Word for word, copy the data that follows and skip its pictures.

START Information shown

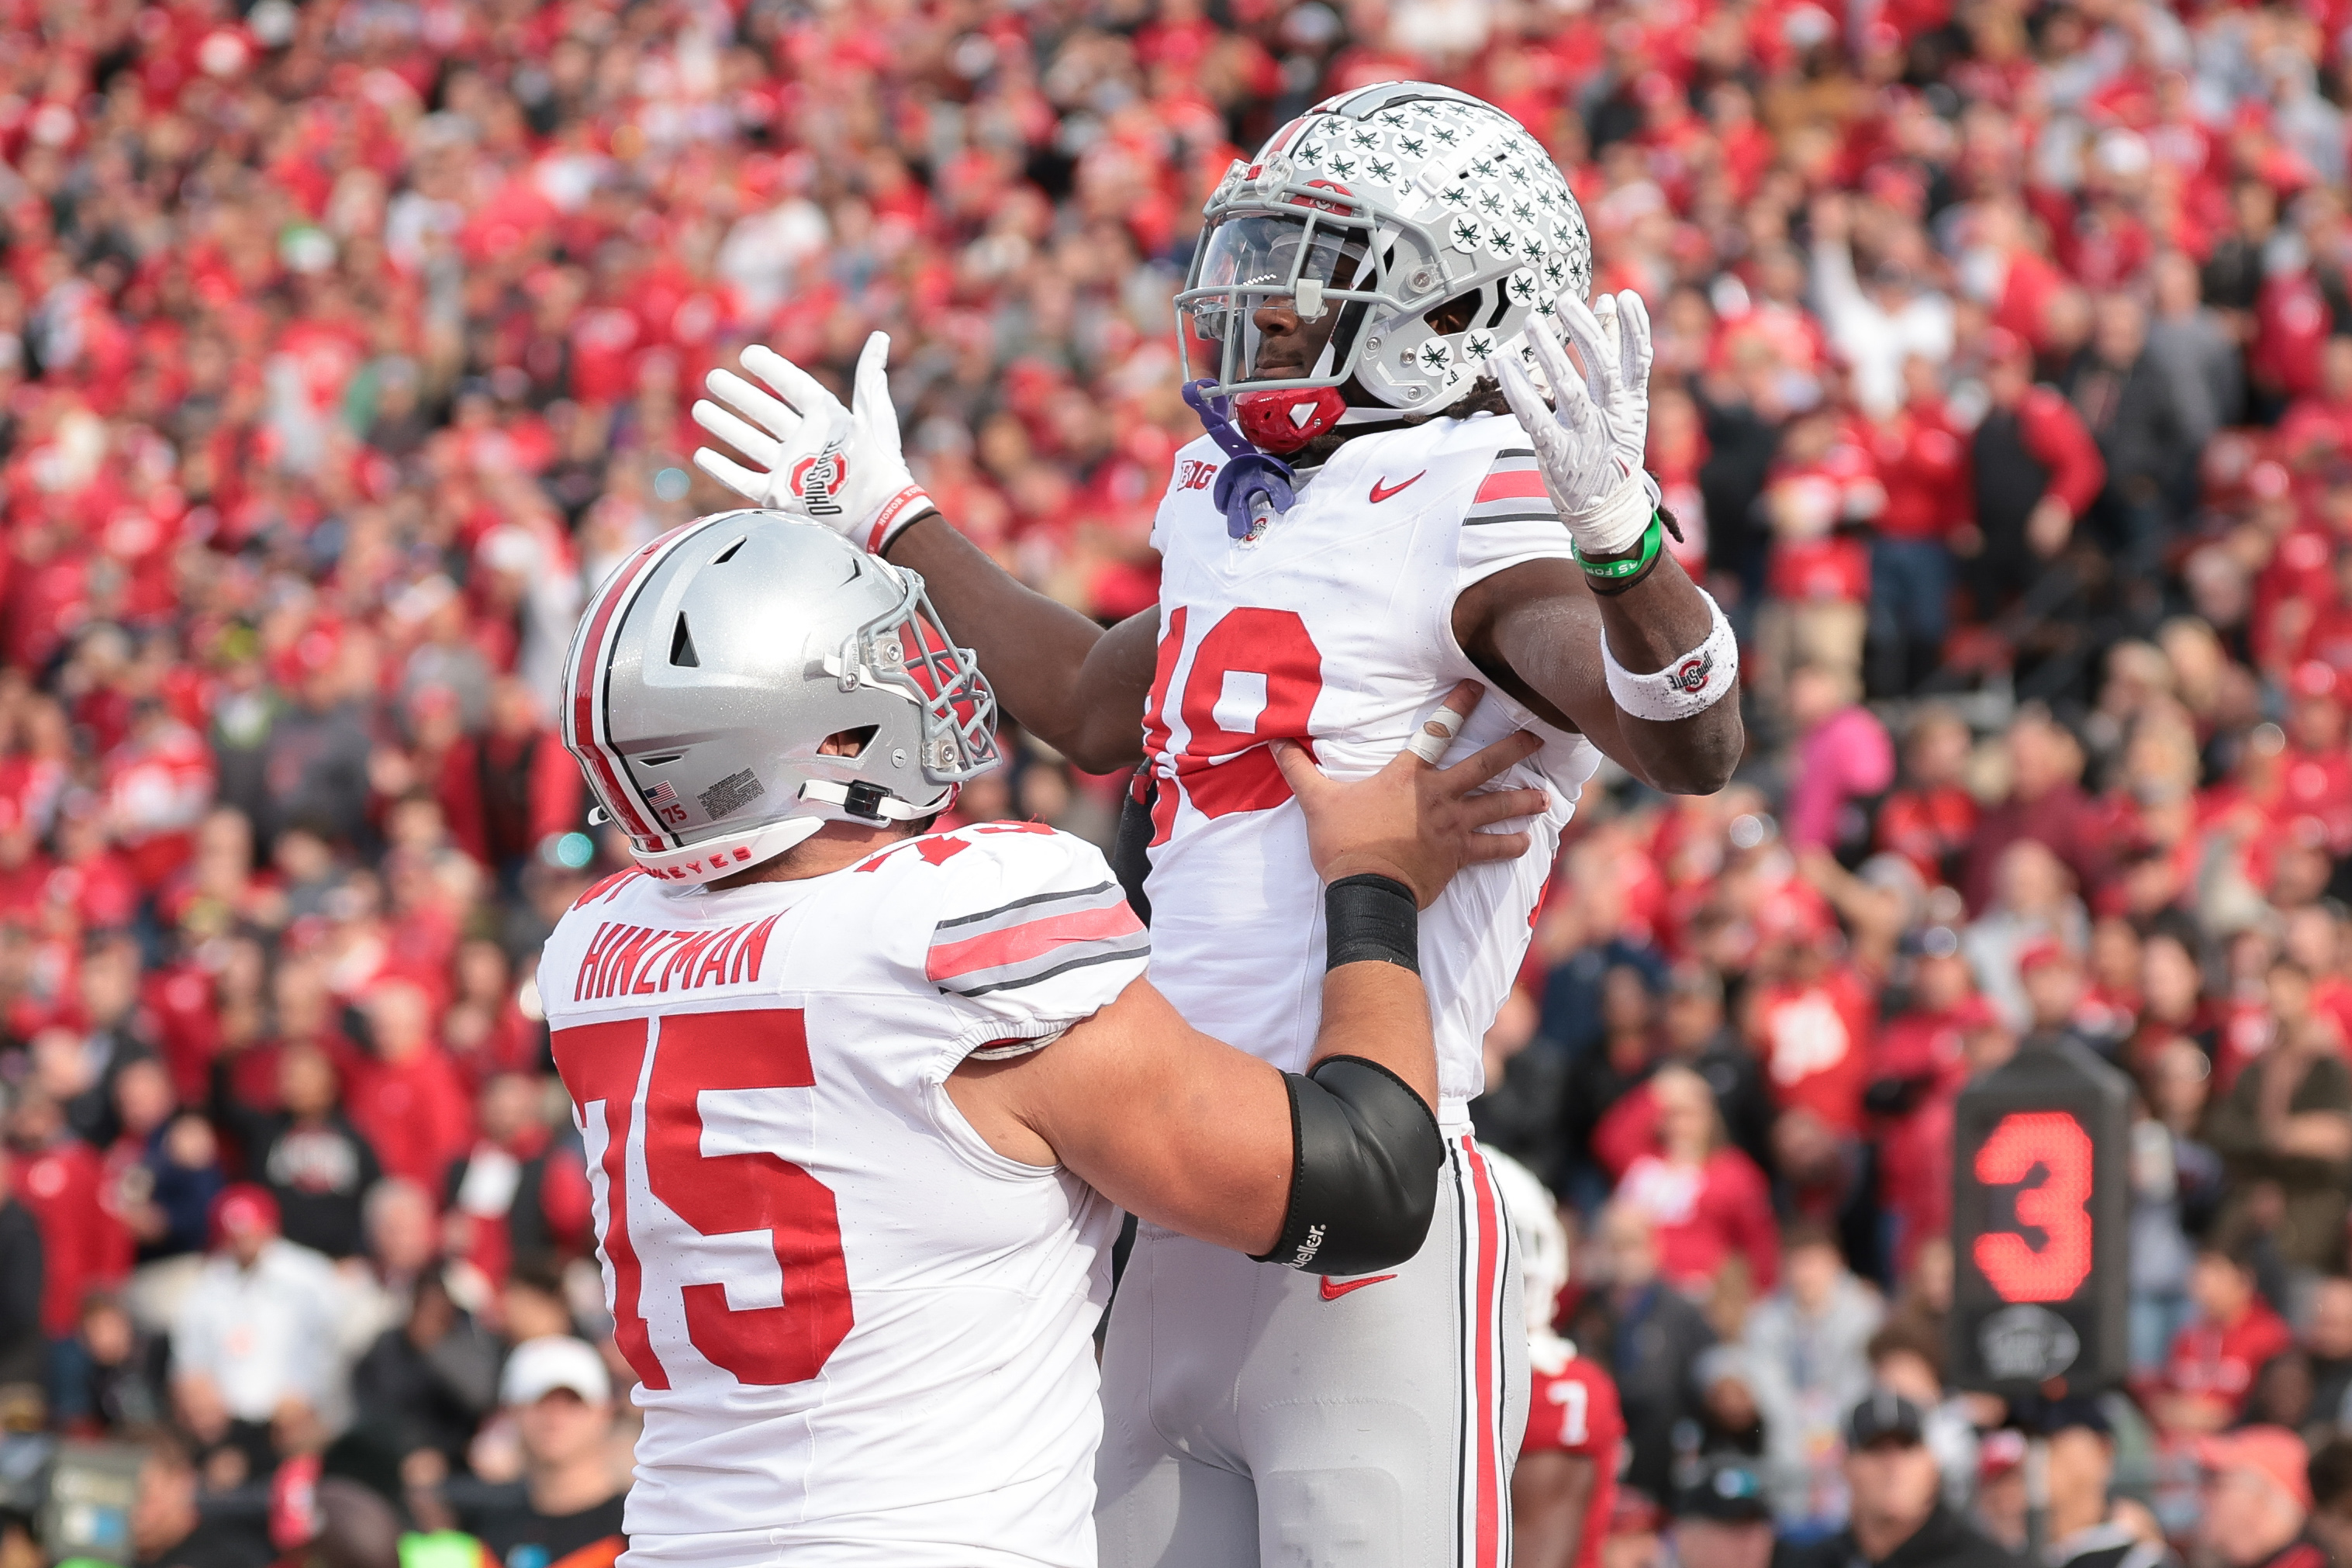 Nov 4, 2023; Piscataway, New Jersey, USA; Ohio State Buckeyes wide receiver Marvin Harrison Jr. (18) celebrates with offensive lineman Carson Hinzman (75) after scoring a touchdown against the Rutgers Scarlet Knights during the second half at SHI Stadium. Mandatory Credit: Vincent Carchietta-USA TODAY Sports
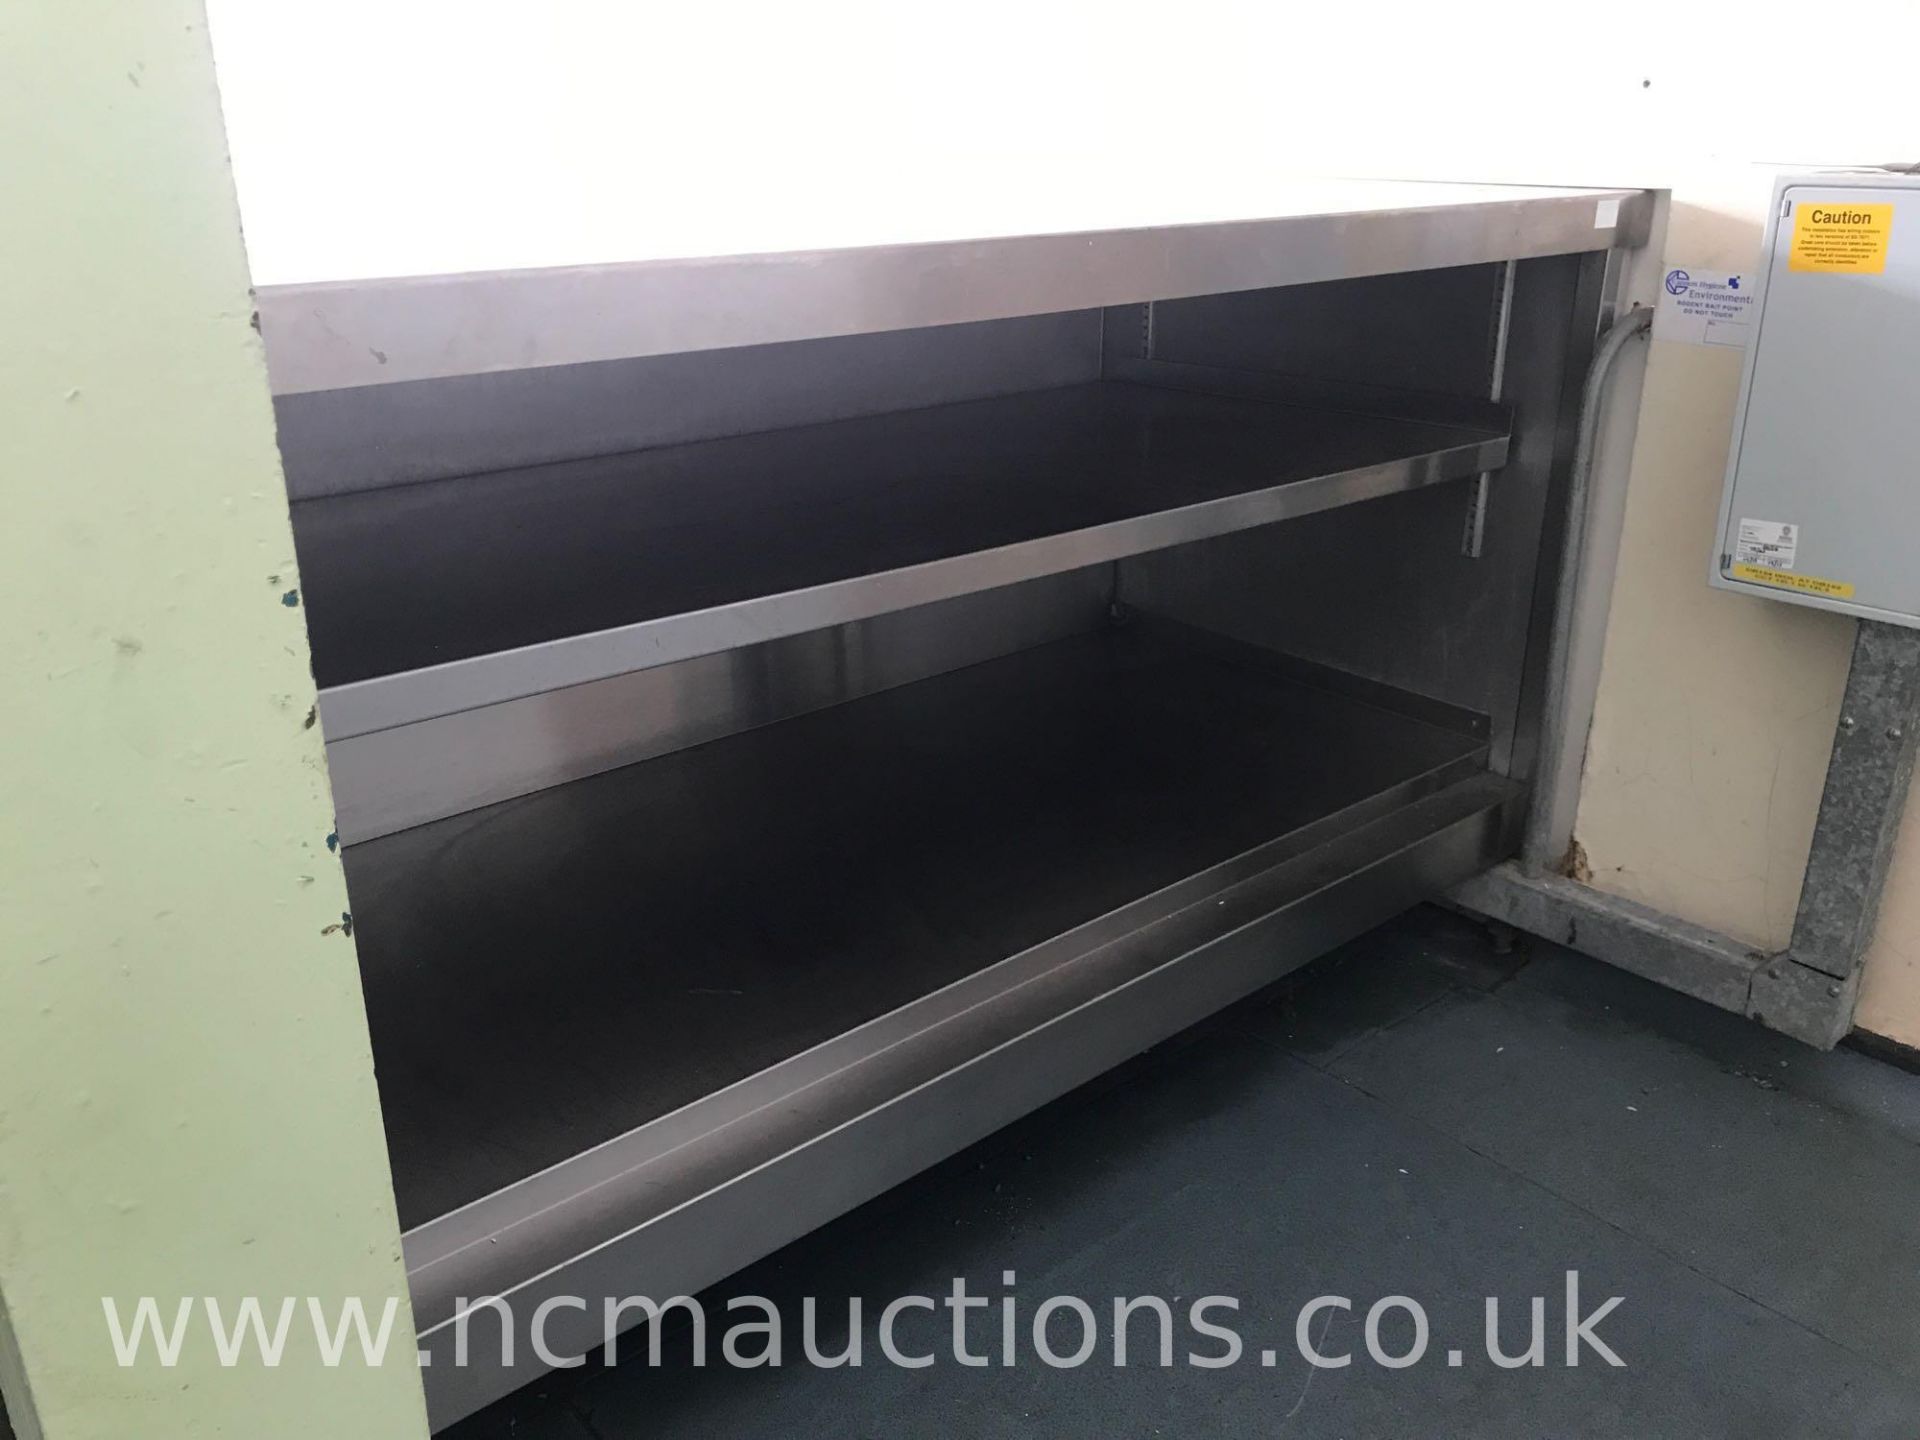 Stainless Steel Serving Counter with Shelving - Image 3 of 3
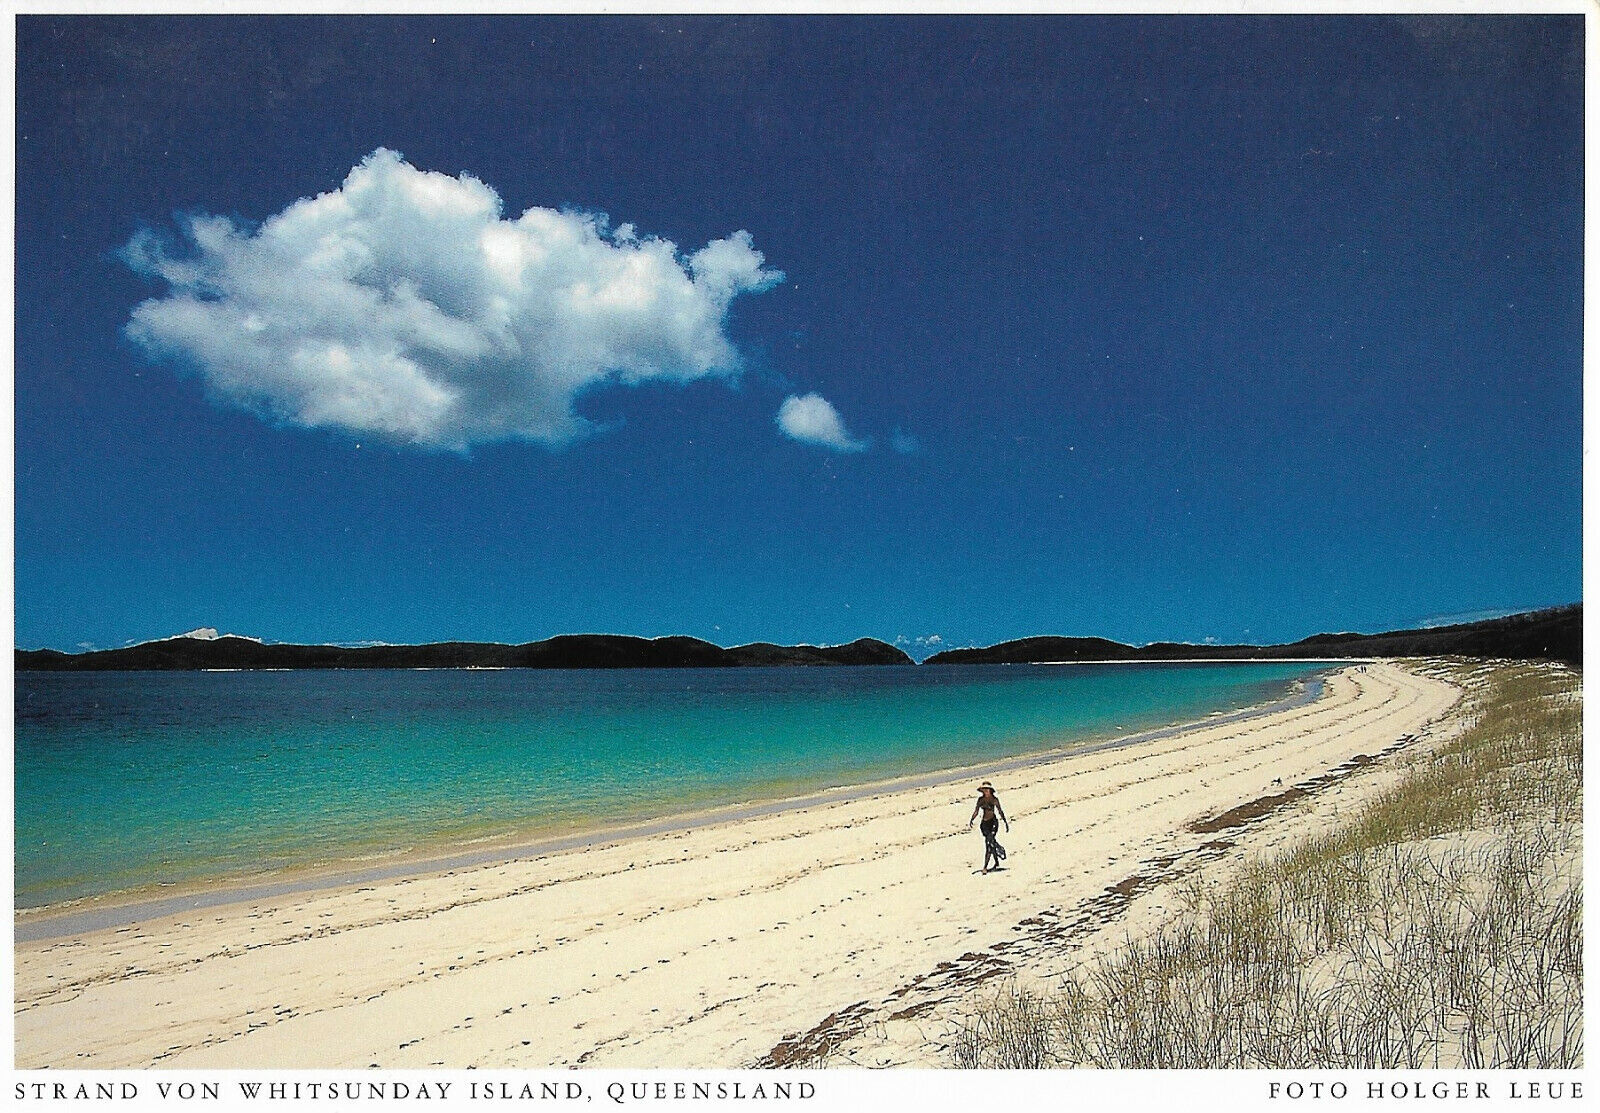 House Clearance - Australia-Whitehaven Beach-View of the beach in the Coral Sea-approx. 1995

END Information shown

* [Solved exercise]
 Nov 4, 2023; Piscataway, New Jersey, USA; Ohio State Buckeyes wide receiver Marvin Harrison Jr. (18) celebrates with offensive lineman Carson Hinzman (75) after scoring a touchdown against the Rutgers Scarlet Knights during the second half at SHI Stadium. Mandatory Credit: Vincent Carchietta-USA TODAY Sports
 Stainless Steel Serving Counter with Shelving - Image 3 of 3
 House Clearance - Australia-Whitehaven Beach-View of the beach in the Coral Sea-approx. 1995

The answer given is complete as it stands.